In “With Consumer Demand for Ancestry and Genealogy Genetic Tests Waning, Leading Genomics Companies are Investigating Ways to Commercialize the Aggregated Genetics Data They Have Collected,” Dark Daily noted that, faced with lagging sales and employee layoffs, genomics companies in the genealogy DNA testing market are shifting their focus to the healthcare aspects of the consumer genomics data they have already compiled and aggregated.
According to Joe Grzymski, PhD, Chief Scientific Officer at Renown Health and Associate Research Professor of Computational Biology at Desert Research Institute, a research campus of the University of Nevada Reno, the consumer market is going to become more integrated into the healthcare experience.
“Whether that occurs through your primary care doctor, your large integrated health network, or your payor, I think there will be profound changes in society’s tolerance for using genetics for prevention,” he told GenomeWeb.
Regardless, as Dark Daily reported in 2020, sales of genetic tests from Ancestry and 23andMe show the market is cooling.

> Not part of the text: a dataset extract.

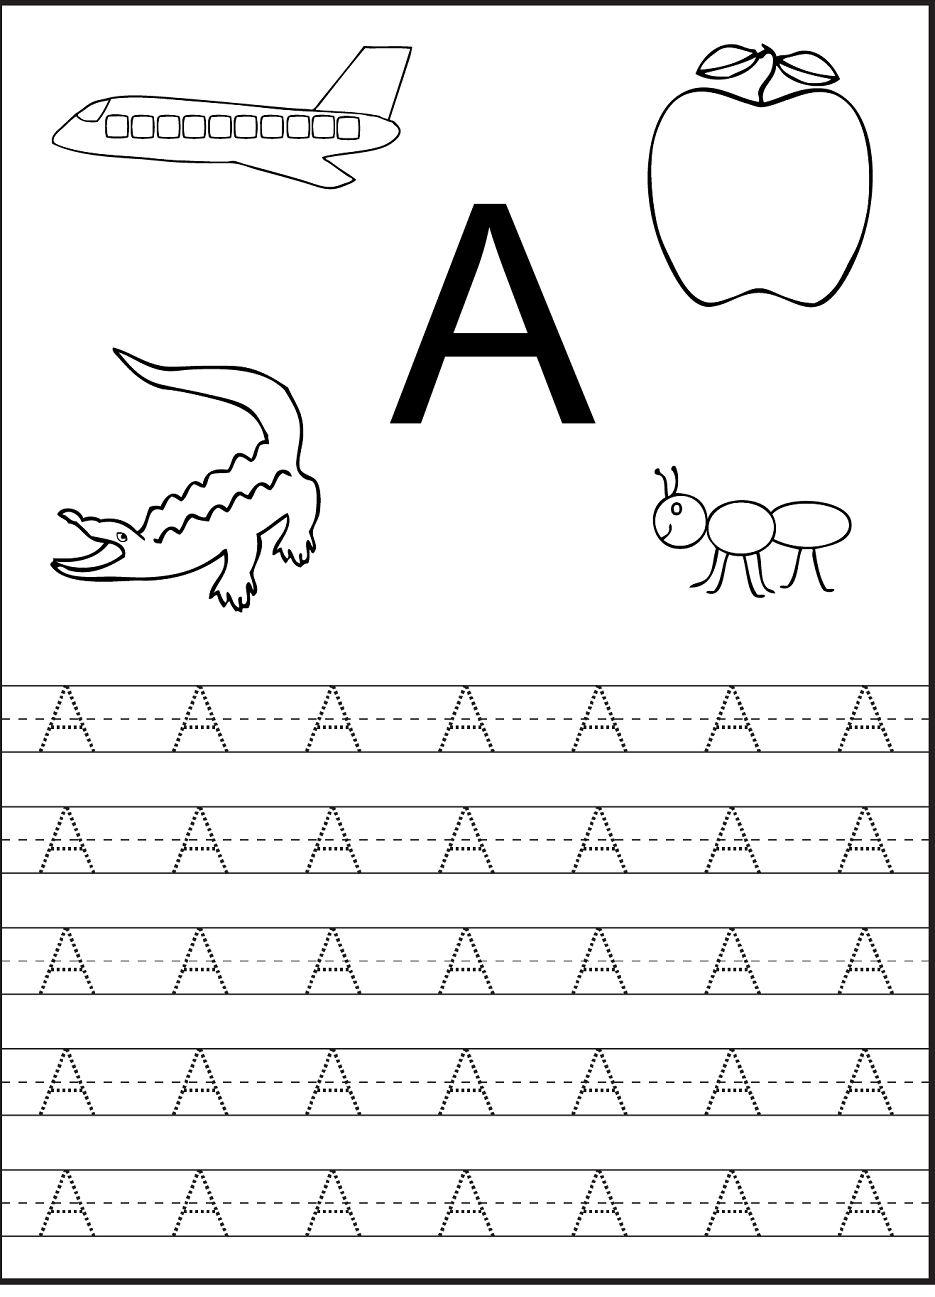 Tracing The Letter A Free Printable | Druckvorlage inside Pre-K Tracing Letters Worksheets
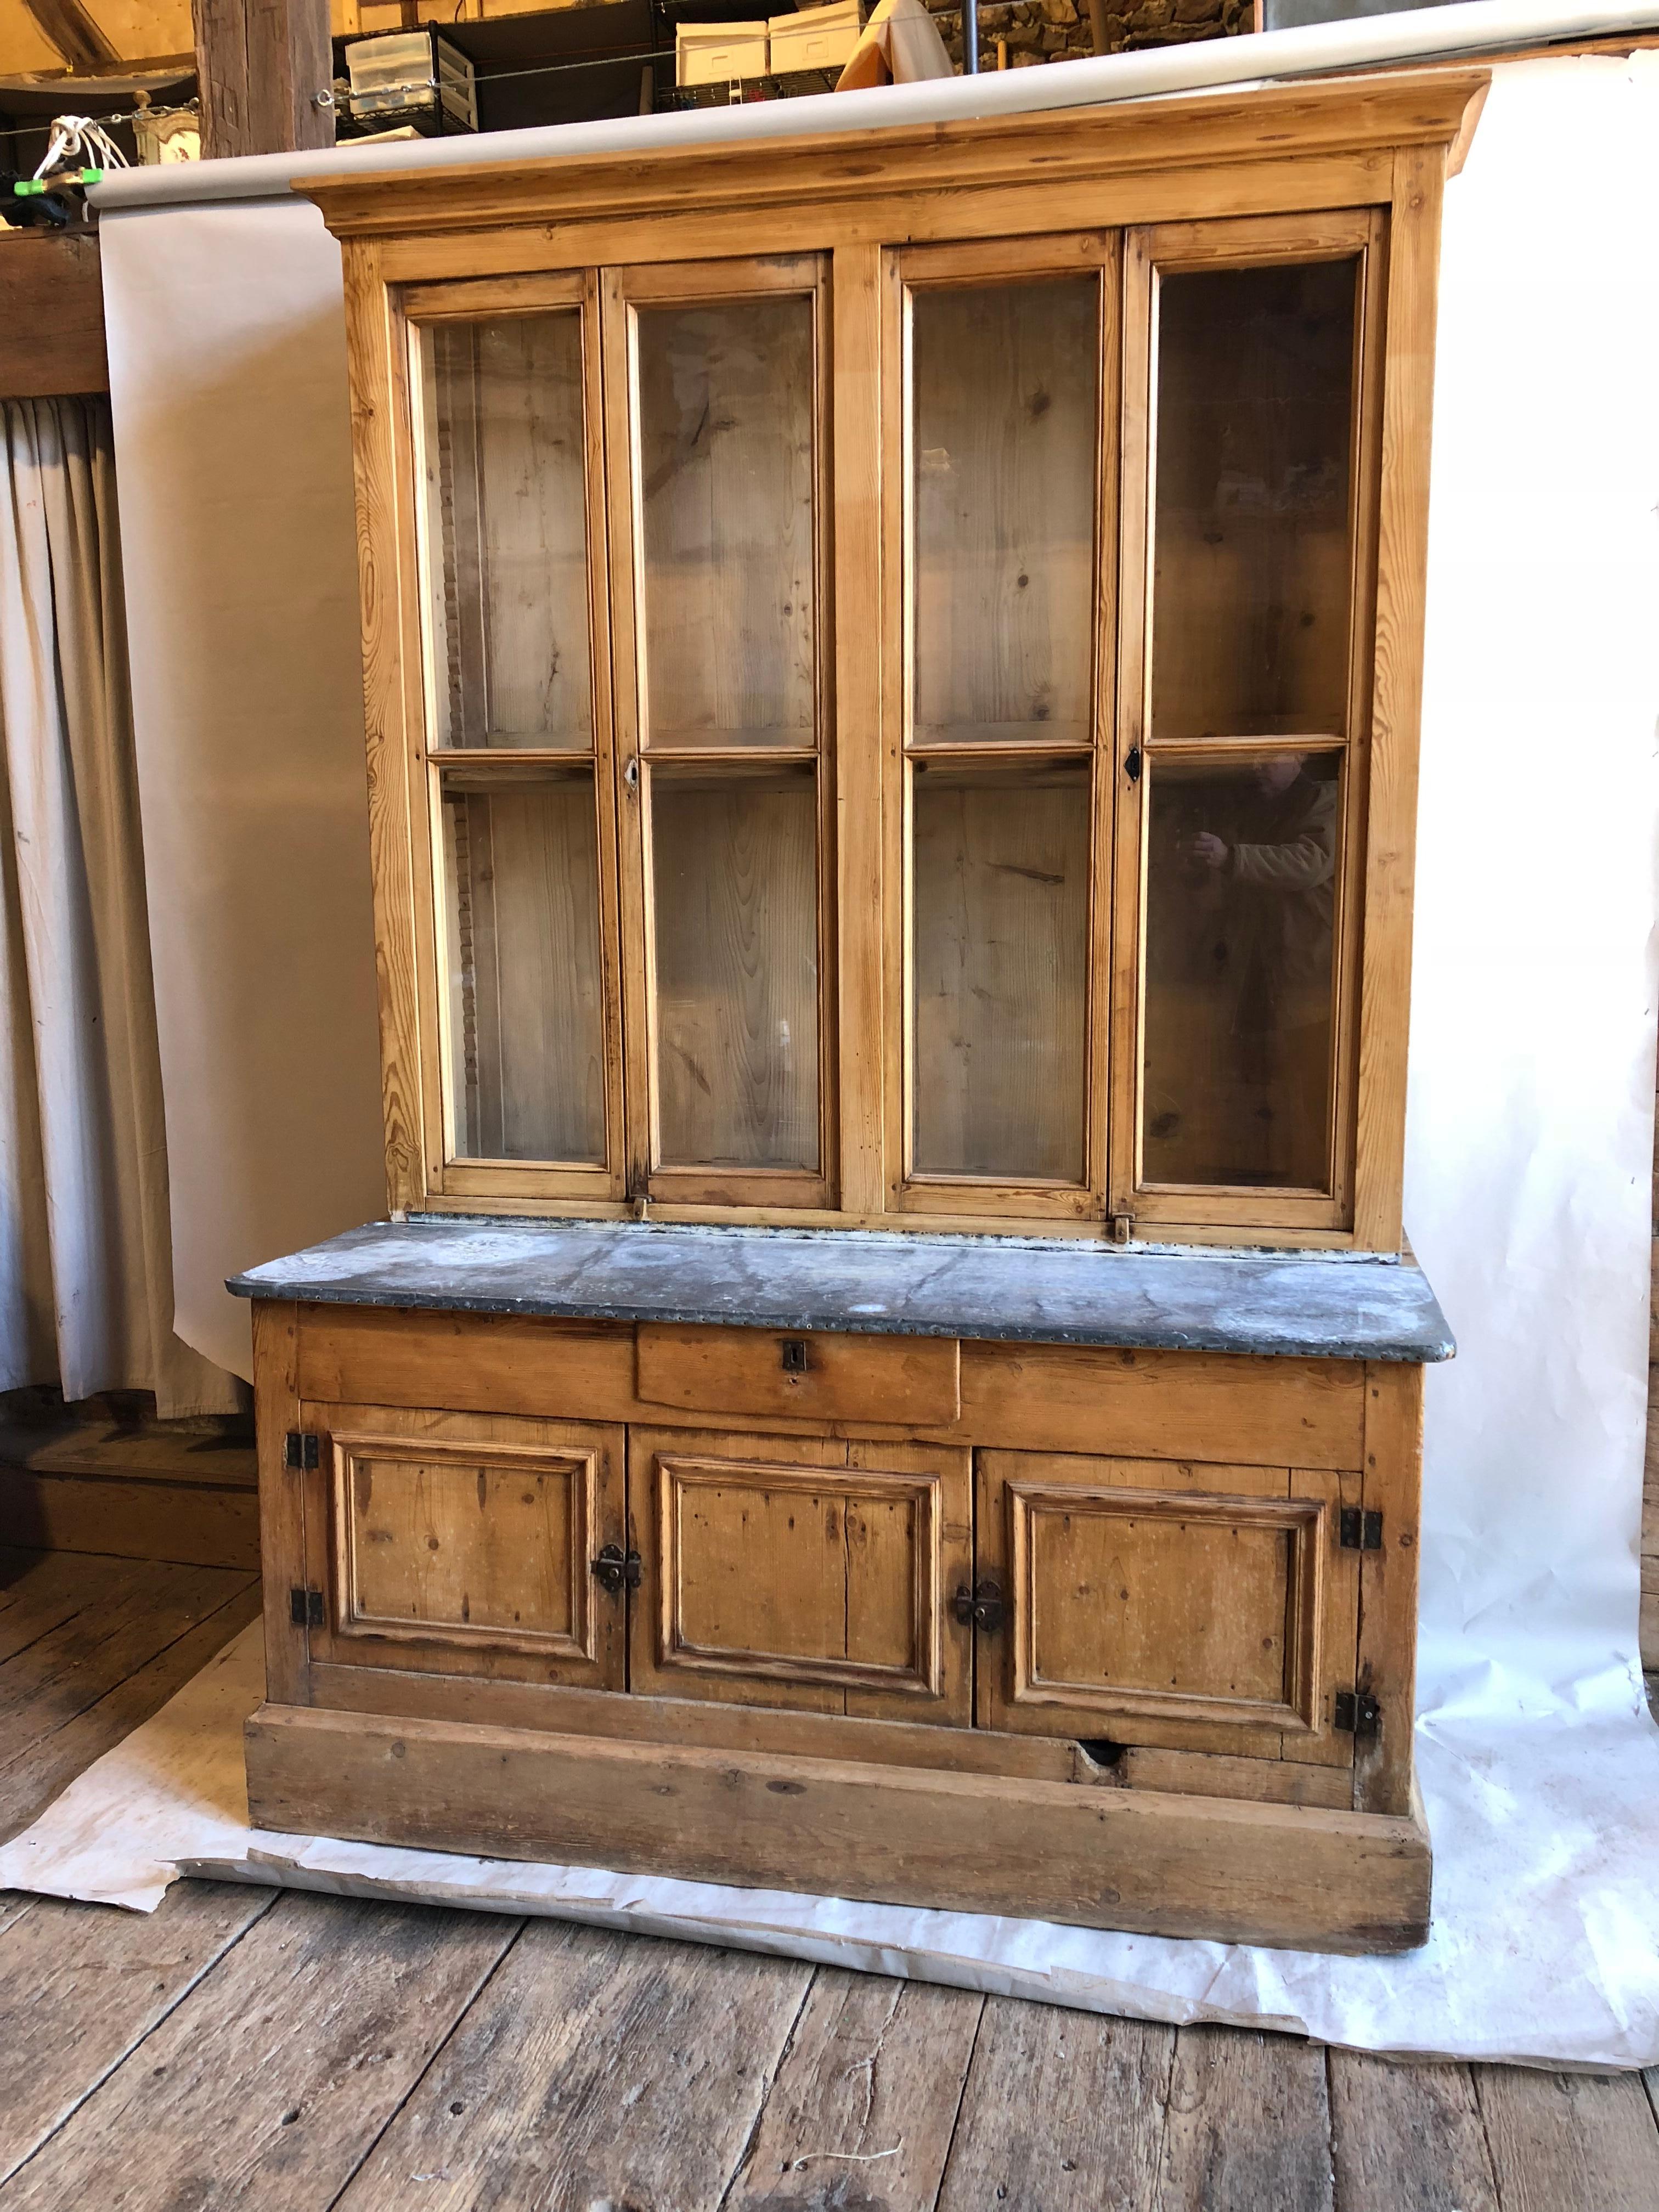 A French country kitchen cabinet in 2 parts, in stripped pine with glazed doors and a zinc work surface, late 18th century. Four glazed doors with adjustable shelves in upper cabinet which rests on a zinc-top lower cabinet with drawer and lower

Thus, with less than 20% of the population having taken DNA tests, and with sales slowing, genetics testing may not affect responses on the next US census, which is scheduled for April 1, 2030.
In the meantime, clinical laboratory managers should recognize how and why more consumers are interested in ordering their own medical laboratory tests and incorporate this trend into their lab’s strategic planning.